Mental health, and the cost of mental health issues (see chart), is increasingly in focus- traders tend to spend their (long) days sitting at their desks looking at their screens- which is not conducive to good physical or mental health. The proposed shorter market hours may allow for traders to visit the gym before work, allow them to drop off their children at school before work or be home to help their children with their homework. All of which should create a healthier mental state. We should also encourage our traders to spend time off the desk throughout the day- this can be as simple as meeting up with colleagues elsewhere in the firm for a 10 minute chat, taking a short walk, attending special project meetings- that short break from the desk on a regular basis can be the difference between feeling well and feeling pressured.

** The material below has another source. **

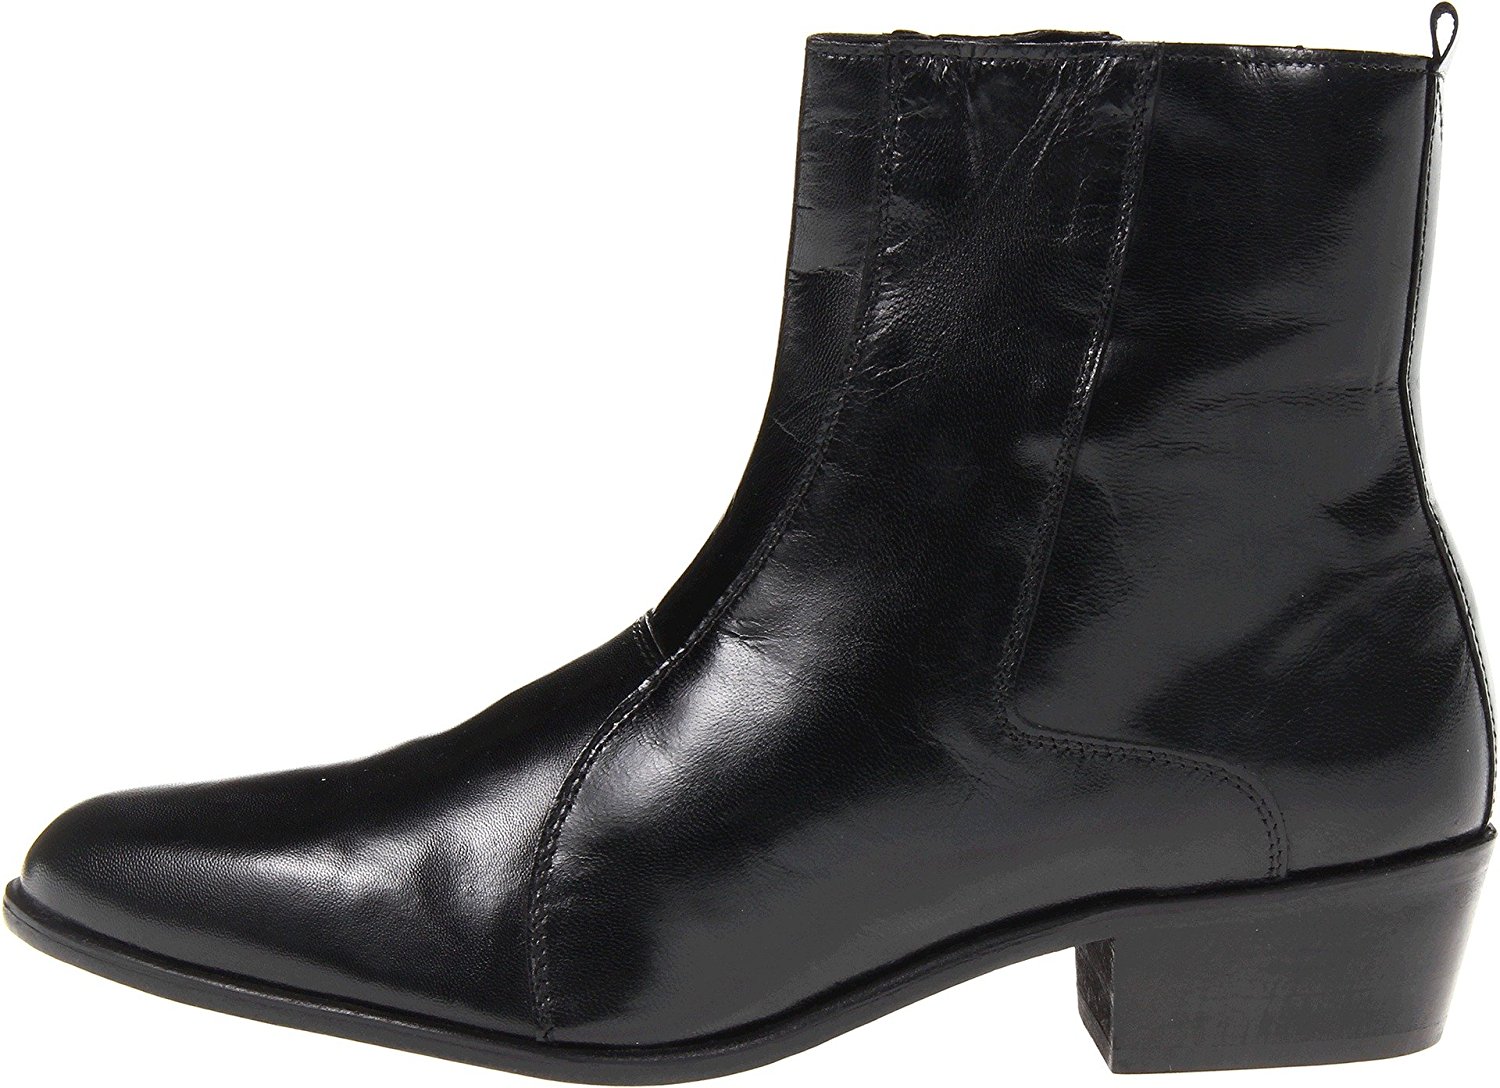 Stacy Adams Mens santos Almond Toe Ankle Fashion Boots, Black, Size 9.5 ...

Those in charge of trading desks also have a responsibility to watch out for ‘red flags’ which may suggest someone is struggling with their work environment (or external pressures) and make suitable adjustments. We expect more from traders now- the SMCR regime in the UK brings sharply into focus the personal responsibility of the role, the regulatory and compliance burden continues to increase for traders- all within an environment of significant cost pressure. Heads of Trading must ensure their team feel supported and must lead by example in that regard.

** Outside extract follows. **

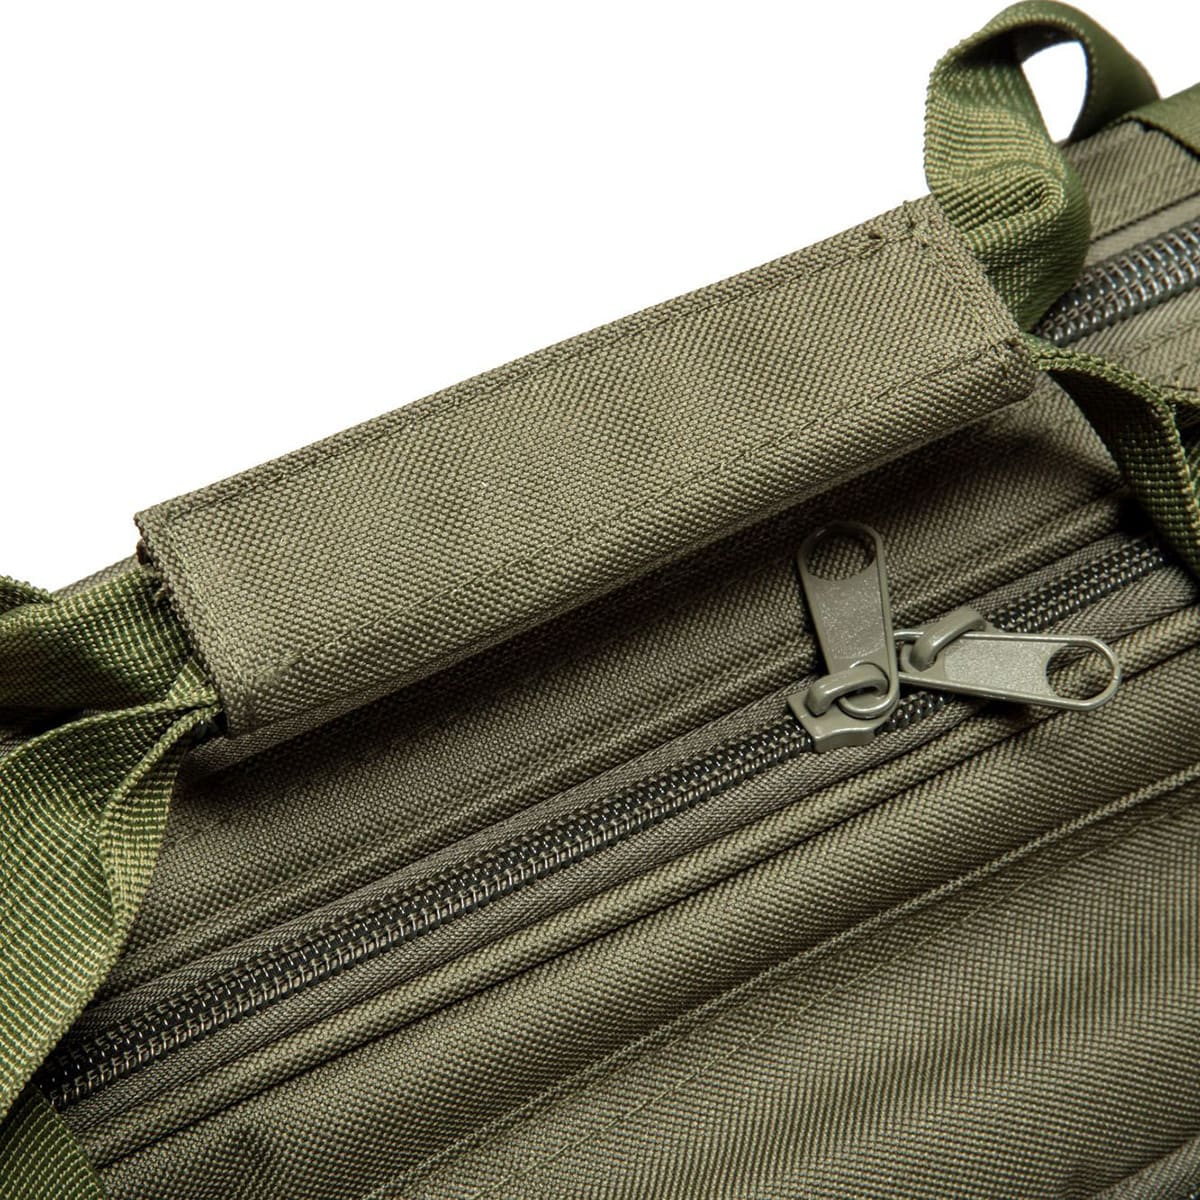 Pokrowiec na replikę ASG Specna Arms Gun Bag V2 - Olive

By creating a healthier working environment we should be able to attract more diverse candidates onto the trading desk. But what can we offer them? In years gone traders simply traded their asset class and did not get involved in any other aspects of the asset management business. The career progression offered was to wait for the Head of Dealing to move on or retire- and we wonder why we have a diversity issue now?!

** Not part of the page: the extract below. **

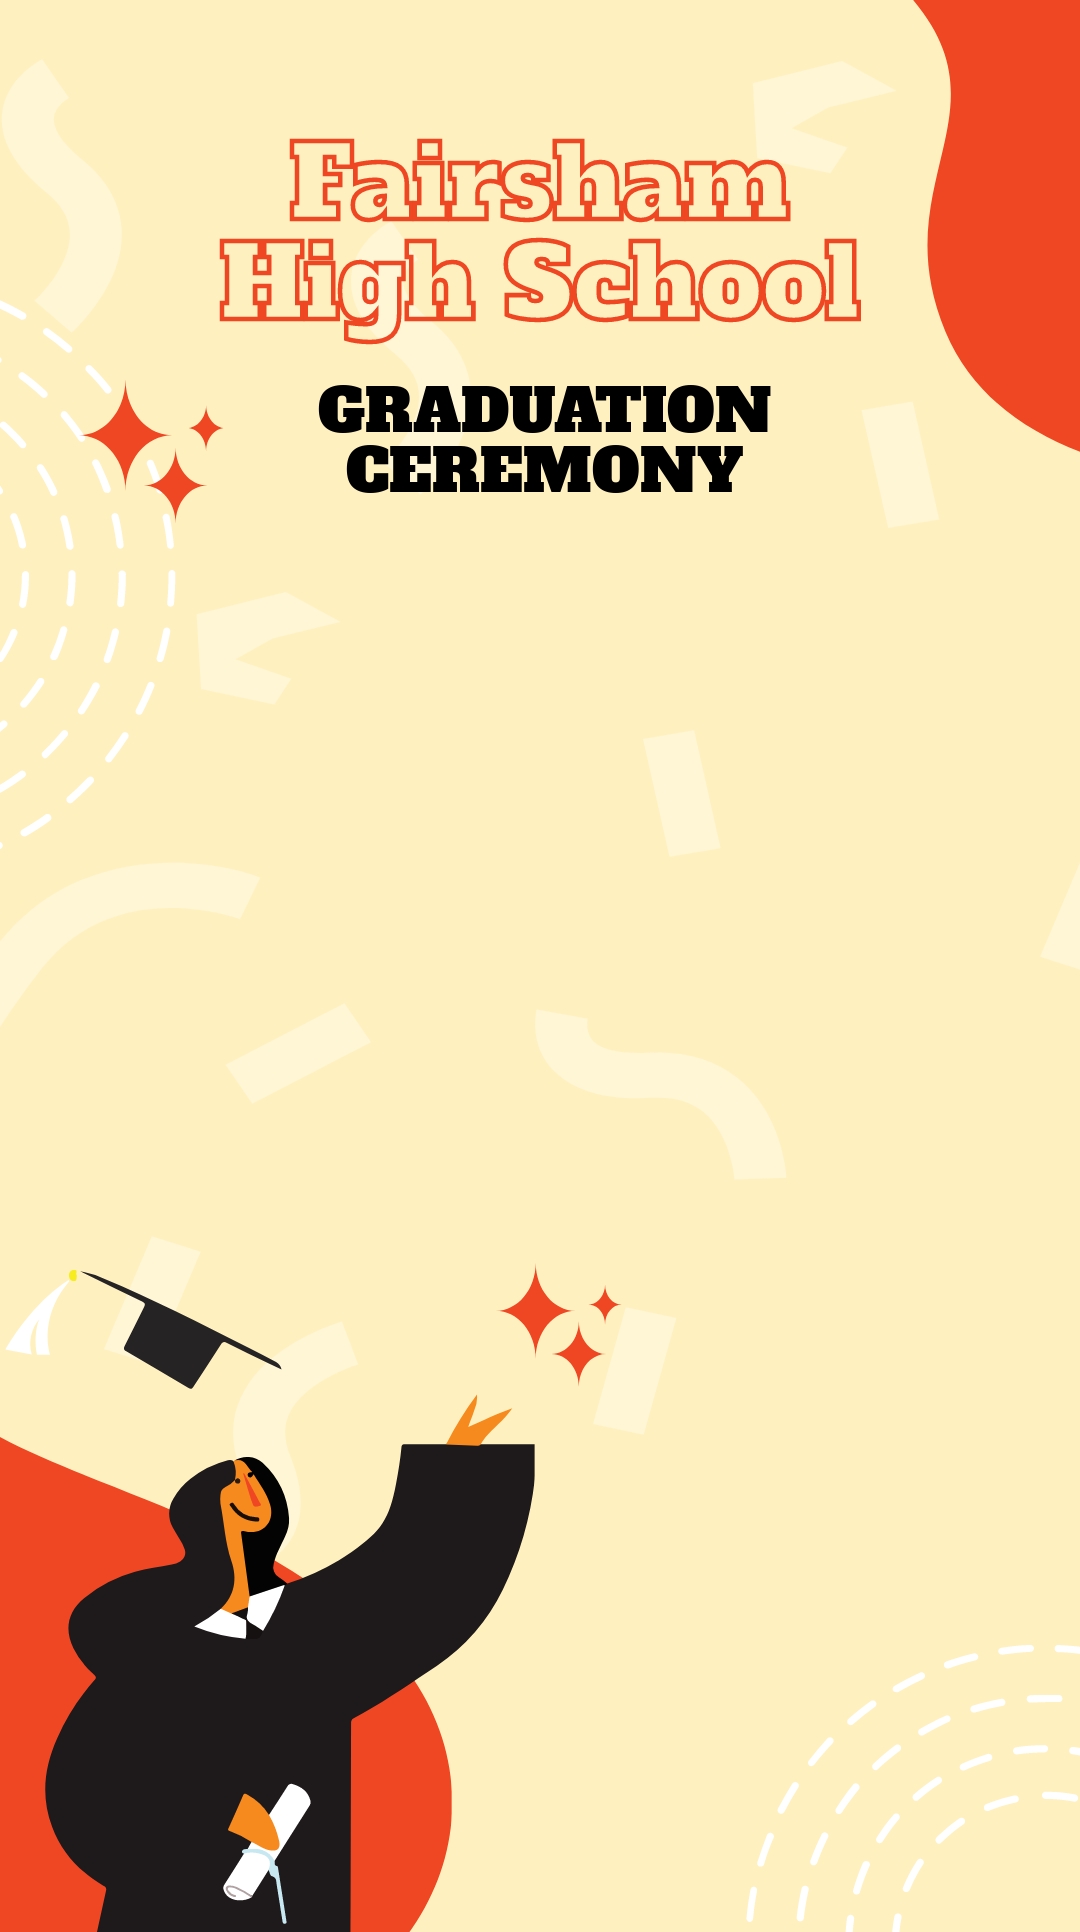 Graduation Ceremony Snapchat Geofilter Template

The issue of career progression is still a tricky one, however I believe there is lots we can offer- and trading desks now (and in the future) require diverse skillsets. There are significant opportunities for traders to engage across the asset management business- whether investigating new fintech offerings to enhance the trade flow or data mining to ensure the best possible execution outcomes. Perhaps one of the advantages of an ever increasing and changing regulatory outlook is the opportunity it creates for traders who want to expand their experience and knowledge. Trading desks require market structure experts to understand how best to interact with the market in the most efficient manner, global desks require traders who understand the different regimes they have to operate in and many traders now need to understand the nuances of the various fund structures which their firms manage. By constructing a trading desk in this way we can ensure diversity of thought and constructive challenge to existing practises- both of which will lead to better execution outcomes for our clients in the long run.

New entrants into the workforce now expect more flexible working arrangements. Historically we have regarded the trading desk as an area where flexible working is impossible. However some creative planning can give flexible working opportunities to the traders. There can, understandably, be reservations about the control environment when trading from home, but traders can be given the opportunity to work from home on investigative topics or CPD which do not require the ability to trade (subject to appropriate cover on the desk). It is crucial that there is a clear deliverable from these arrangements to measure the value of the output produced.

There is still a reluctance to ask for flexible arrangements so Heads of Trading must lead and encourage- and traders must show some bravery and ask! If there is a clear plan to ensure desk coverage and the benefits of the flexible arrangement can be shown it is very difficult to refuse such a request.

This is a great industry to work in – we need to encourage the next generation to join. We can offer them an exciting career at the forefront of technology innovation, full of intellectual challenge and the opportunity to drive change. Heads of trading must always remember your trading desk’s success is based on the quality and diversity of your skillset on the desk.